Le sourire de la reine demeura figé sur ses lèvres.

– Et que veut-il, ce cher comte?

– Je crois qu’il prie le capitaine de demander pour lui une audience immédiate à Votre Majesté.

– Eh bien, va dire qu’on peut l’introduire.

Et son sourire se fit plus doux encore, plus paisible, d’une expression plus sereine, tandis qu’elle grondait:

– Que ne puis-je te faire arrêter, toi aussi. Ce serait si simple!… Oui… mais s’il parlait!… Non, non… Patience, patience… encore un jour!… Si je le tuais maintenant, d’ailleurs, cette pécore d’Alice serait capable… Allons donc! je les tiens tous les deux! ne gâtons rien!… Bonjour, mon cher comte… on me dit que vous désirez m’entretenir, et vous le voyez, je remets à plus tard les affaires de l’État pour vous recevoir sur le champ.

En effet, Marillac venait d’entrer.

La reine écarta de la main les lettres qui étaient devant elle.

Le comte, pâle, agité, violemment ému, s’approcha sur un signe qu’elle lui adressa.

– Voyons, reprit celle-ci, qu’êtes-vous venu me demander?…Si tout est prêt pour la cérémonie de demain soir? Ne craignez rien, ami, j’ai trop de souci de votre bonheur…

Marillac fléchit le genou.

– Votre Majesté, dit-il d’une voix tremblante, me comble d’une telle bienveillance que je serais ingrat de douter… Non, madame, ce n’est pas de moi qu’il s’agit. Je suis venu demander grâce.

– Grâce? fit la reine avec étonnement.

– Ou plutôt justice. Un de mes amis vient d’être saisi. Un ami madame! Un frère! Le plus dévoué, le plus charmant gentilhomme: esprit étincelant, cœur tendre, courage indomptable, voilà l’homme…

– Il suffit, comte, dit la reine avec émotion. Il suffit que vous aimiez cet homme pour que je lui veuille tout le bien que je vous veux à vous-même. Son nom?

– Hélas, madame! Il a eu le malheur de vous déplaire à deux reprises différentes; une première fois, dans une entrevue qu’il eut avec vous au Pont-de-Bois, dans cette même salle où j’eus, moi, le bonheur de vous connaître!
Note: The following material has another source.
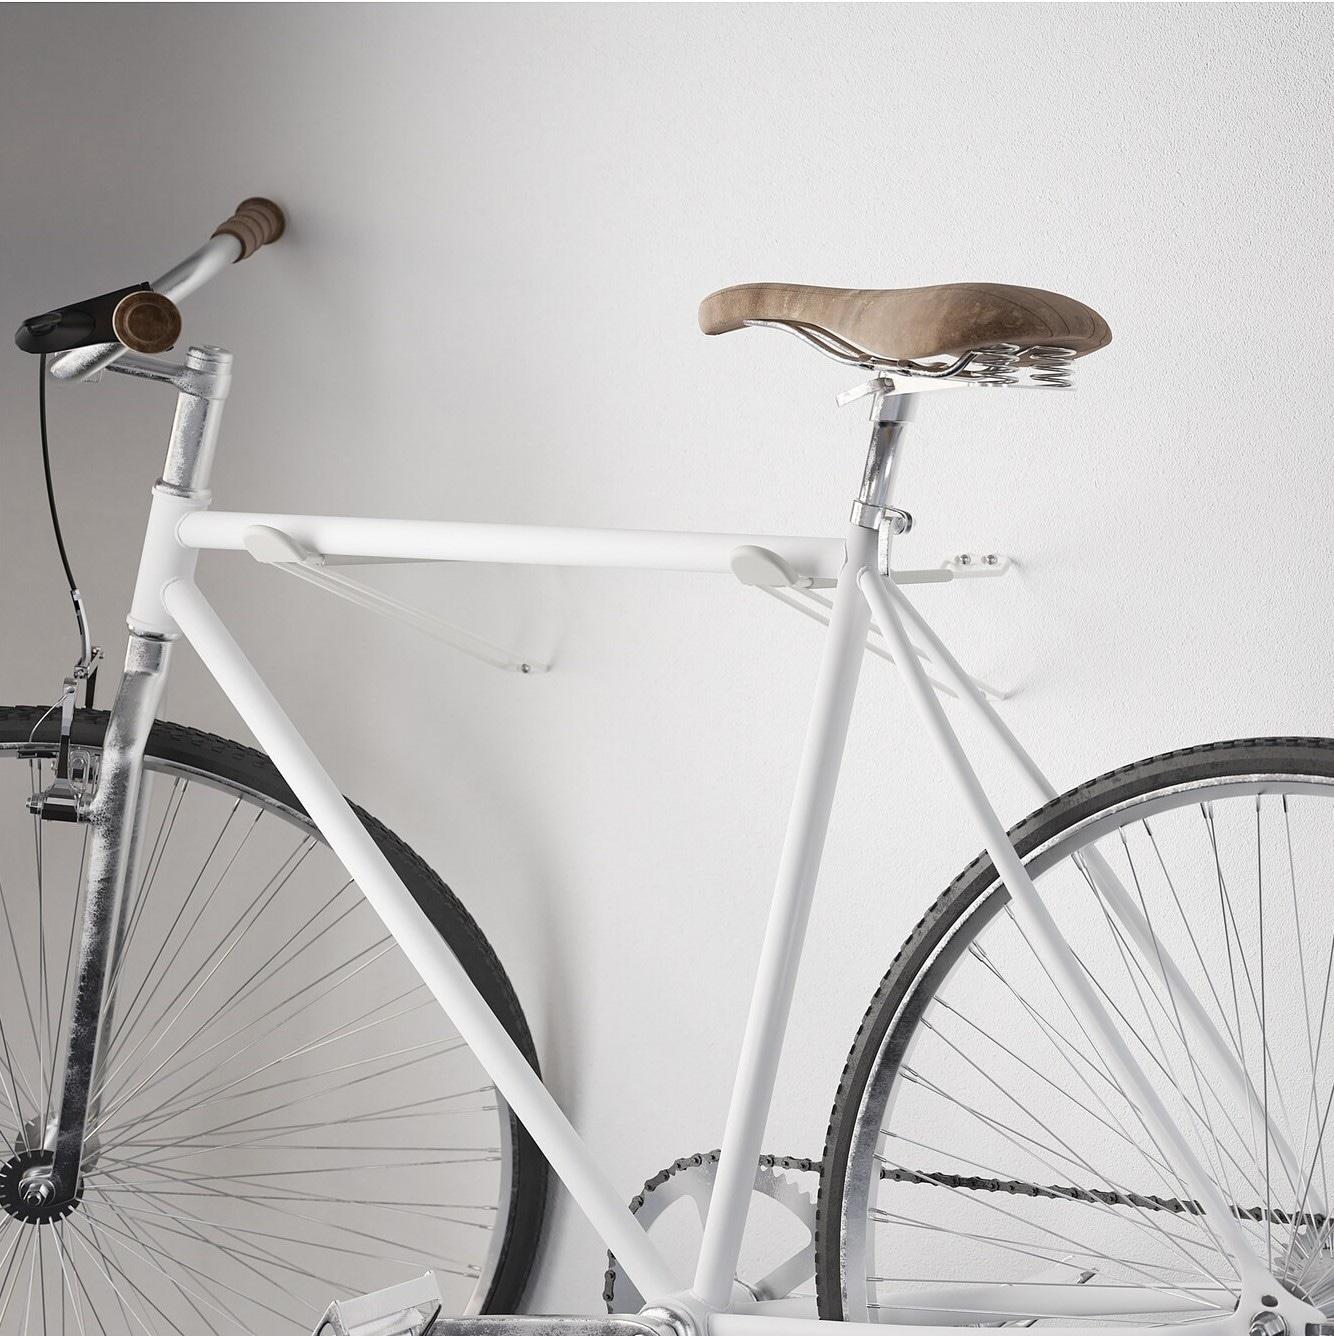 Bicicleta colgada en la pared

Une deuxième fois, au Louvre, dans le cabinet de Sa Majesté le roi…

– Comte, dit Catherine de sa voix mélancolique, tant de gens m’ont déplu… je tâche à les oublier… quand on me connaîtra mieux, on ne cherchera plus à me déplaire.

Marillac jeta un regard ardent sur la reine.

– C’est le chevalier de Pardaillan, dit-il.

La reine parut chercher un instant dans sa mémoire, puis frappant ses deux mains l’une contre l’autre:

– Ah! oui!… Eh bien, j’avais complètement oublié ce jeune homme à qui je me souviens maintenant d’avoir offert d’entrer à mon service. Et vous dites qu’il est arrêté?

– Oui, madame. Et je viens vous prier de lui rendre la liberté. Je me porte garant que le chevalier n’a rien pu entreprendre ni contre le roi ni contre Votre Majesté. Si une prière était insuffisante, je crois que le roi de Navarre en personne n’hésiterait pas à intervenir en faveur de mon noble ami… mais j’ose espérer, madame, que ma supplique…

– Vous avez raison, mon cher comte. Un mot de vous peut faire autant, sinon plus, qu’une parole du roi de Navarre.